Could someone do a short overview of the frill stencil gene (is there a webpage?).
I somehow get the "idea" that toy stencil and frill stencil together have a special effect.


----------



## FalconLofts.com (Dec 29, 2010)

Frill Stencil is recessive, you need two copies of this gene in order for a bird to express it (fs//fs). So when you breed a fs//fs to a bird that does not have it, the effect will get lost (visually speaking). if you take the babies and breed them to the fs//fs parent, 50% of the babies will express it and the other 50% will carry the gene without expressing it. fs effects the smooth spread areas, the tail bar that is, it turns the bar into a spot and in the presence of spread it turns the tail to a lace and may even make the bird entirely laced.
Toy Stencil on the other hand is partial dominant, and there are 3 parts to this complex gene, TS1, TS2, TS3. Very often when you breed a TS bird to an unrelated non TS bird, you will get some bronzing in the coarse spread areas, bars, and check areas on the wing shields that is. With the homozygous (two copies of a particular gene) presence of all TS1//TS1, TS2//TS2, TS3//TS3, the pure white is achieved, if one or more is missing, you can get various shades of bronze, sometimes from very rich to a root beer bronze. 
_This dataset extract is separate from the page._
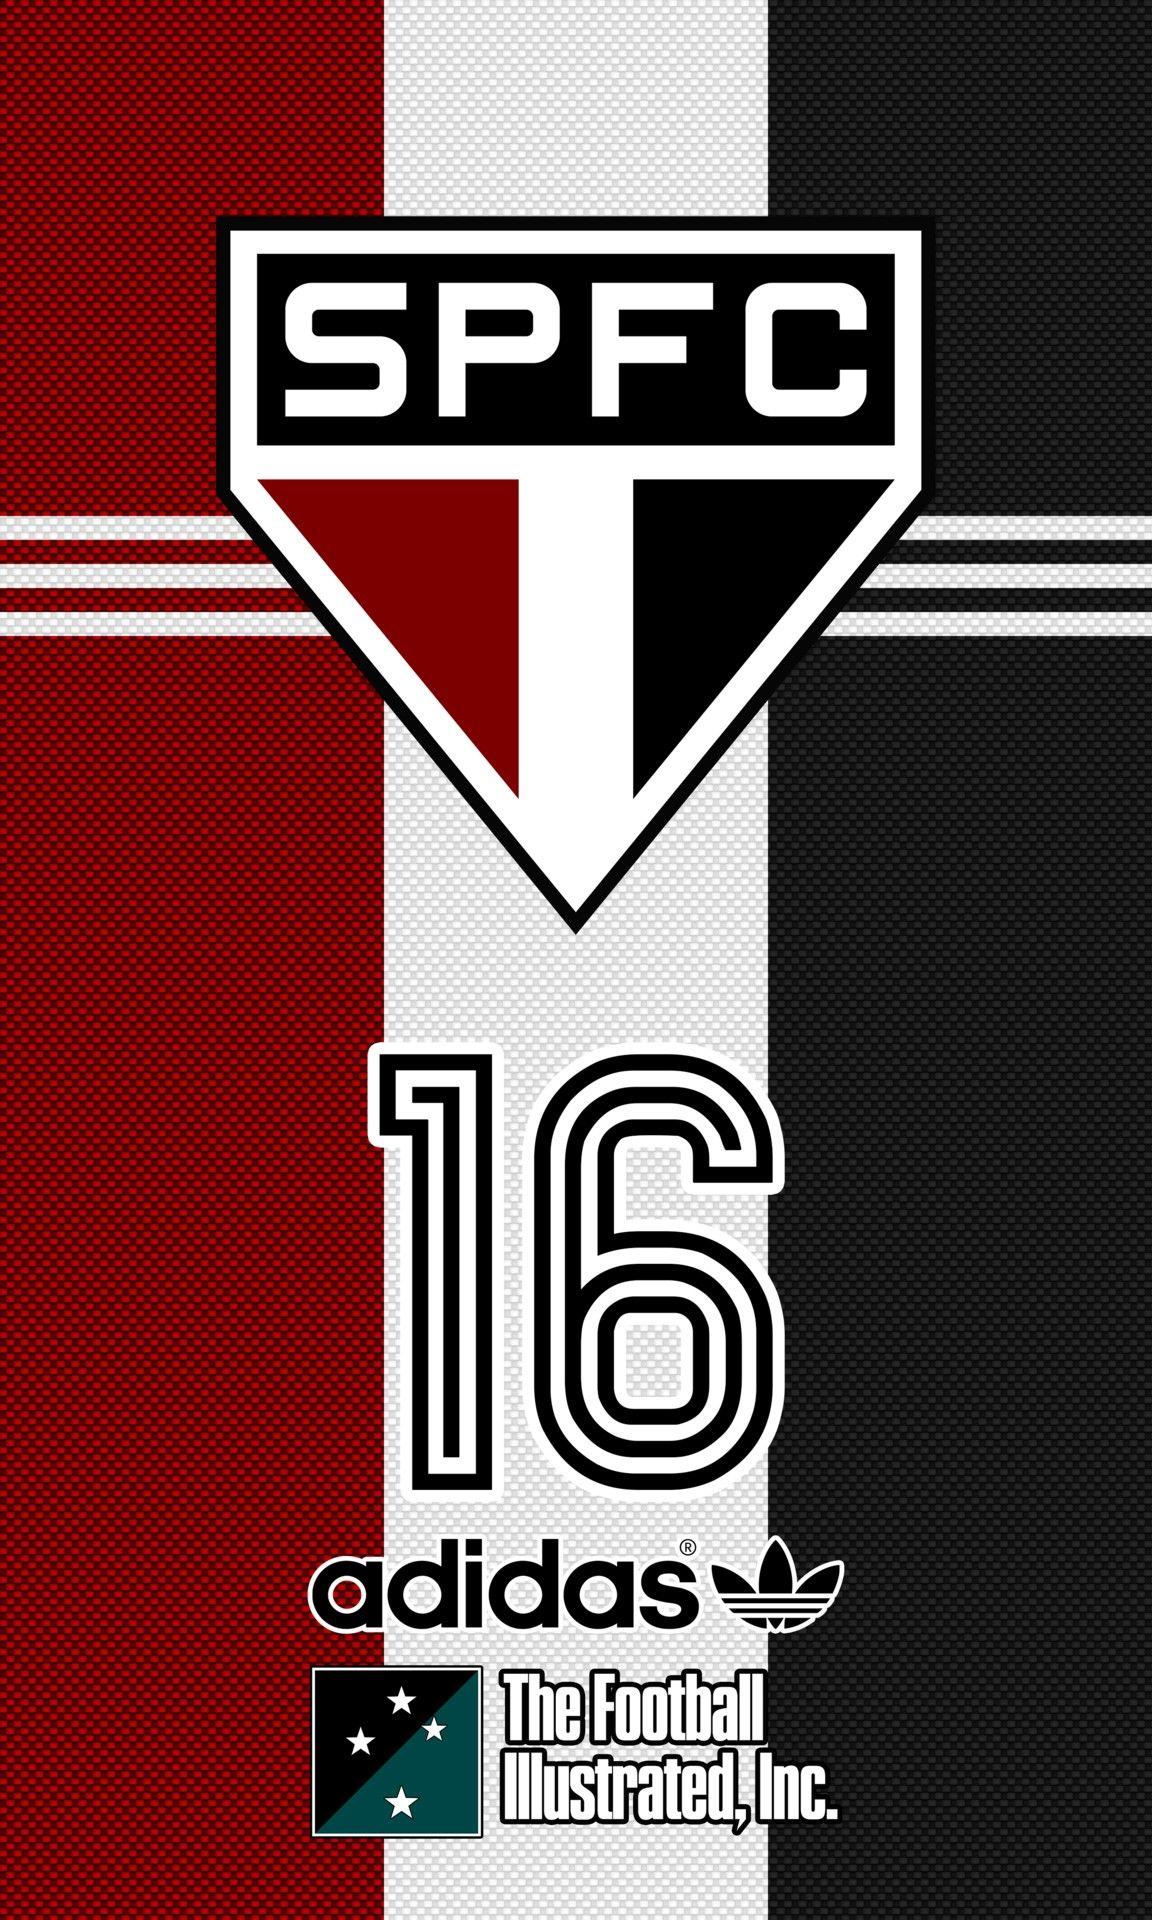 Pin De Shibazaki Em Futebol Sao Paulo Futebol Clube Sao Paulo

Your cock bird is both TS and fs//fs, blue carrying recessive red.

Hen no 1. is Spread, dilute, brown, since brown is recessive to blue and your cock does not carry brown, all the babies from that mating will be blue, and since Spread is dominant to wild type (non spread), 50% of the babies will be spread blue (black) and 50% blue T check, check or bar. 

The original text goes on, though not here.